今日的金麟城格外热闹,长街被彩绸装点得花哨多彩,城中百姓皆伸长脖子望着来此的武林中人,楼上街边满是呼喊声。
绯笙跟在队伍中,一点没被这热闹的场景感染,自顾自想着事情。
其实李淮闫猜的没错,她与沈云舒确实并非传闻中那般,要真说起来还是她先招惹的人家。
真是段孽缘,当初就不该贪那免费的武学心法,以至于换来个甩不掉的尾巴。
绯笙无奈地看着不远处靛色的背影,似是有所察觉,沈云舒转头,俩人就这样毫无预兆地对视上,一个愤恨,一个轻佻。
但其实也挺有趣的,绯笙轻笑一声。
而在沈云舒眼里,对方简直就是赤裸裸的挑衅!她瞬间咬紧了牙关,面上忍耐的表情相当精彩。
瞧,更有趣了不是么。
阳光照射在朱红色的宫墙上,青砖黛瓦折射出琉璃光彩,一行人浩浩荡荡地进了皇宫。

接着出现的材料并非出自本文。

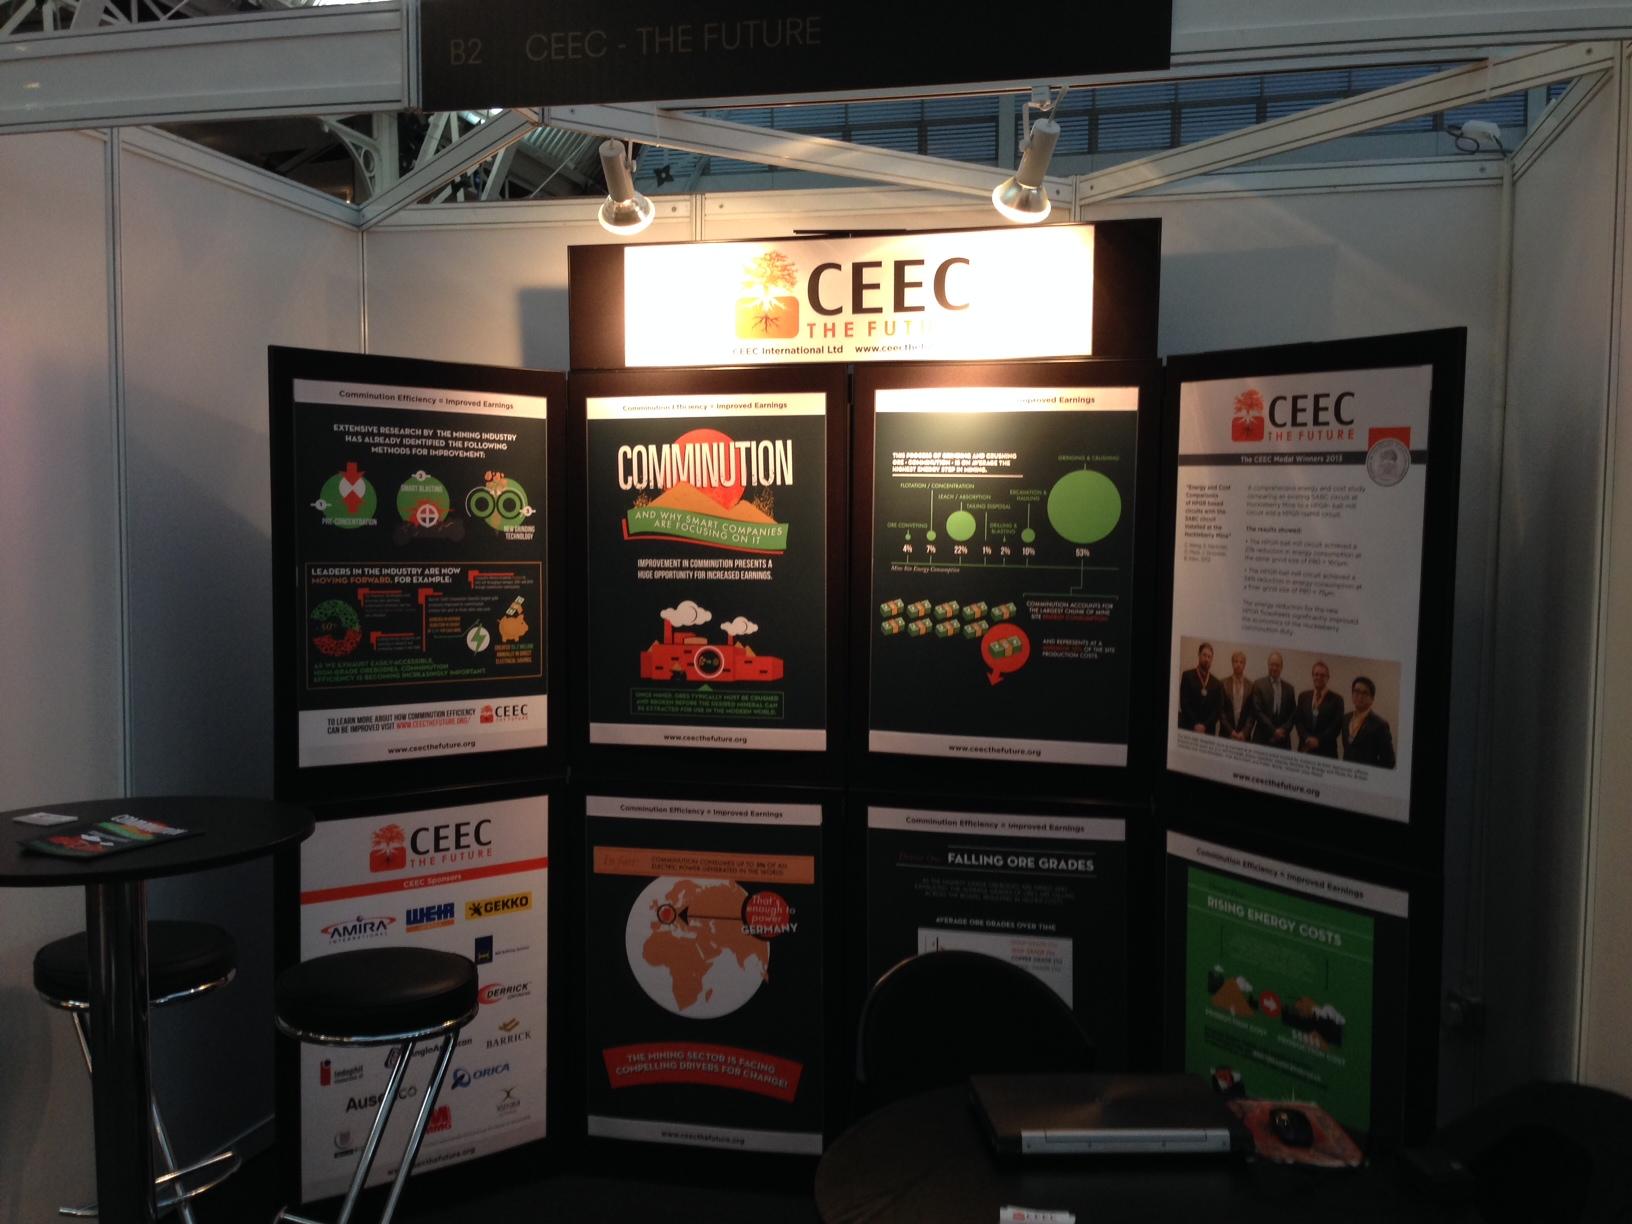 CEEC participates in Mines and Money London 2013 - CEEC (Coalition

辰华殿内熏香袅袅,紫檀木案几上摆满了佳肴美酒,皇室及官员皆已等候多时。
一进殿,绯笙就瞧见了懒懒散散倚坐着的李淮闫,身旁则是端坐如松的宋临晏。
三双眼睛在空中无声一碰,又各自移开,转瞬无痕。
“圣上到——”随着一声长喝,明黄龙袍在太监宫女到簇拥下缓步走入,众人齐声行礼。
皇帝在高台上的金漆御案后坐下:“今日是朝廷与江湖的友交之日,诸位皆是武林豪杰,不必拘礼…”
是上位者一贯温吞如水的语调,又说了些“江湖朝廷同心,共护南昭安宁”之类的场面话。随后大手一挥,宫宴正式开始。
殿内气氛渐渐热络起来,众人推杯换盏,谈笑风生。唯独绯笙周围冷冷清清,像被无形的墙隔开,自是因为恶名在外,旁人不敢接近。
她本人倒是不甚在意乐得清闲,几口酒下肚,本就殷红的唇更显妖艳,再端起酒杯时,一道墨色身影覆了过来。
“美人独酌无趣,不如跟本宫共饮?”李淮闫半弯着腰,桃花眼里流光潋滟,直直盯着女子瞧,像是被勾了魂。
都知道这位六皇子素日就爱沾花惹草,却没想到他竟敢招惹无极宗的妖女。
失心疯了不成?
绯笙懒懒地抬起眼,意味不明地看着他,破天荒地没计较称呼:“谢殿下抬爱。”
她也不起身,只扬手举杯,下一秒却又道:“上一个这么称呼我的人,没撑过三息。”男人正欲仰头喝酒的动作一僵,撞进对方含笑的瞳眸中。
绯笙下颌微抬,示意他继续,可方才那番话不得不让人怀疑这酒有问题。
谁知六皇子竟朗声一笑,丝毫不惧,倾身上前碰杯:“美人递的毒,本宫也甘之如饴。”说完一饮而尽。
周遭听了全程对话的众人不免为六殿下捏了把汗,虽然知道这妖女定不敢在大庭广众之下谋害皇子,可明枪易躲暗箭难防,这妖女最是睚眦必报的。
而李淮闫似乎毫无知觉,甚至亲自为人斟酒:“听闻玄姬门主一袭红伞名动天下,不知本宫今日可否有幸观摩一番?”
妖女听闻忽地轻笑,不紧不慢地站起身靠近男人,语气亲呢道:“殿下,玄姬的红伞一出必定是要见血的。”
话落,在场一些人似是要按耐不住了。武功高强又如何,这般接二连三地口出狂言,简直不把朝廷放在眼里!
“不过——”女子的话锋一转,看向一旁正与人交谈的宋临晏,“若是靖王殿下开口,玄姬也不是不能博君一笑。”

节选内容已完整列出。